It is. I began to realize that in my childish demand to see and fully grasp the big picture, I was failing to live as God wanted me to in the daily picture. And the daily picture is truly what matters the most, because it is the string of daily moments which weaves together our bigger picture.
            
In truth, what am I really doing if I cannot be obedient to Jesus in the present? Isn’t my willingness to obey some far-off destiny as futile as sand running through my fingers if I am unable to obey Him right now in this very moment? The desire for big-picture obedience might be veiled in good intentions and nobility, but not if I am neglecting Jesus right now.
           
My ego would like me to believe that real ministry and work for God are somewhere other than right in front of me.
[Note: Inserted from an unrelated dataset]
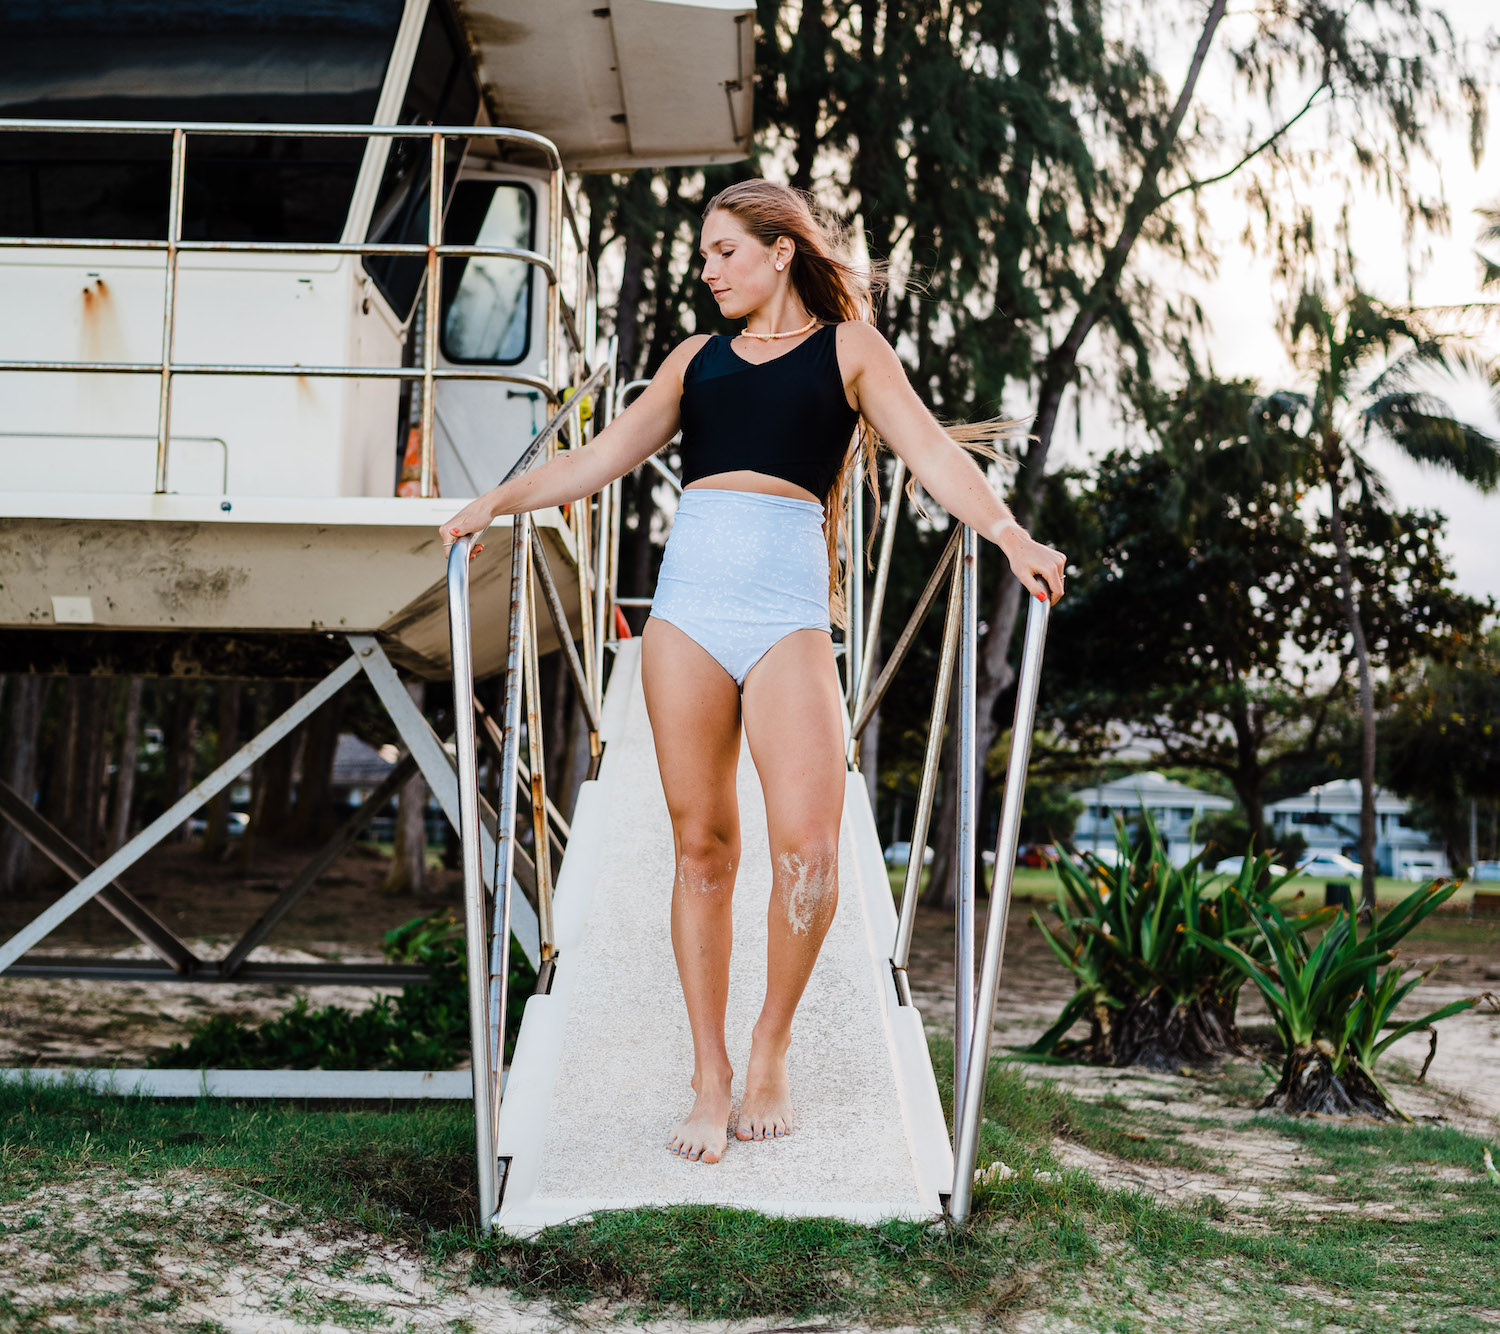 The Most Flattering Bikini Poses for Instagram | by Shanté Renee Roline |  Medium

My ego would like me to believe that my far off romantic destiny of eating bugs for Jesus in Africa (or whatever) is way more important than the daily humdrum of laundry, dishes, jungle animals, coloring books, and the ever-present reminder that I can never sweep the floors clear enough to not have crumbs stuck to the bottom of my socks. Never, it never happens.
            
But then Jesus reminds me that in His Kingdom, things are upside down, or perhaps right side up. What seems important to me is not, and what seems trivial to me is significant in the eyes of God. To see God Himself dead on the Cross is to see that surely He acts in unexpected ways. His ways are not our own.
            
Trial, error, struggle, exhaustion, and surrender have taught me that to love God and love others I have to start with one person at a time, particularly the person right in front of me at any given moment. It is not about grandiosity or glory, but about trying to make the lives of the people around me a little better, one at a time, often in ways that seem insignificant very much un-glorious.
          
In my world, this means that the big picture thoughts surrender to the immediate needs in front of me. My curiosity about when/where/how/what will come in the future bows to the filthy construction worker clothes that must be washed, the lunch that needs to be packed, the little people who need to play with blocks and learn hymns and hear about Jesus from their mama. I am learning more and more that Jesus wants me to be right here, right now. Nothing more, nothing less. Just here, present in love.
            
This also means I have come to firmly believe that God cares about the seemingly tiniest and most intimate details of our lives. He sometimes gives big-picture guidance, but more often, He gives guidance about what is most important right now, because that is enough, and this is walking by faith.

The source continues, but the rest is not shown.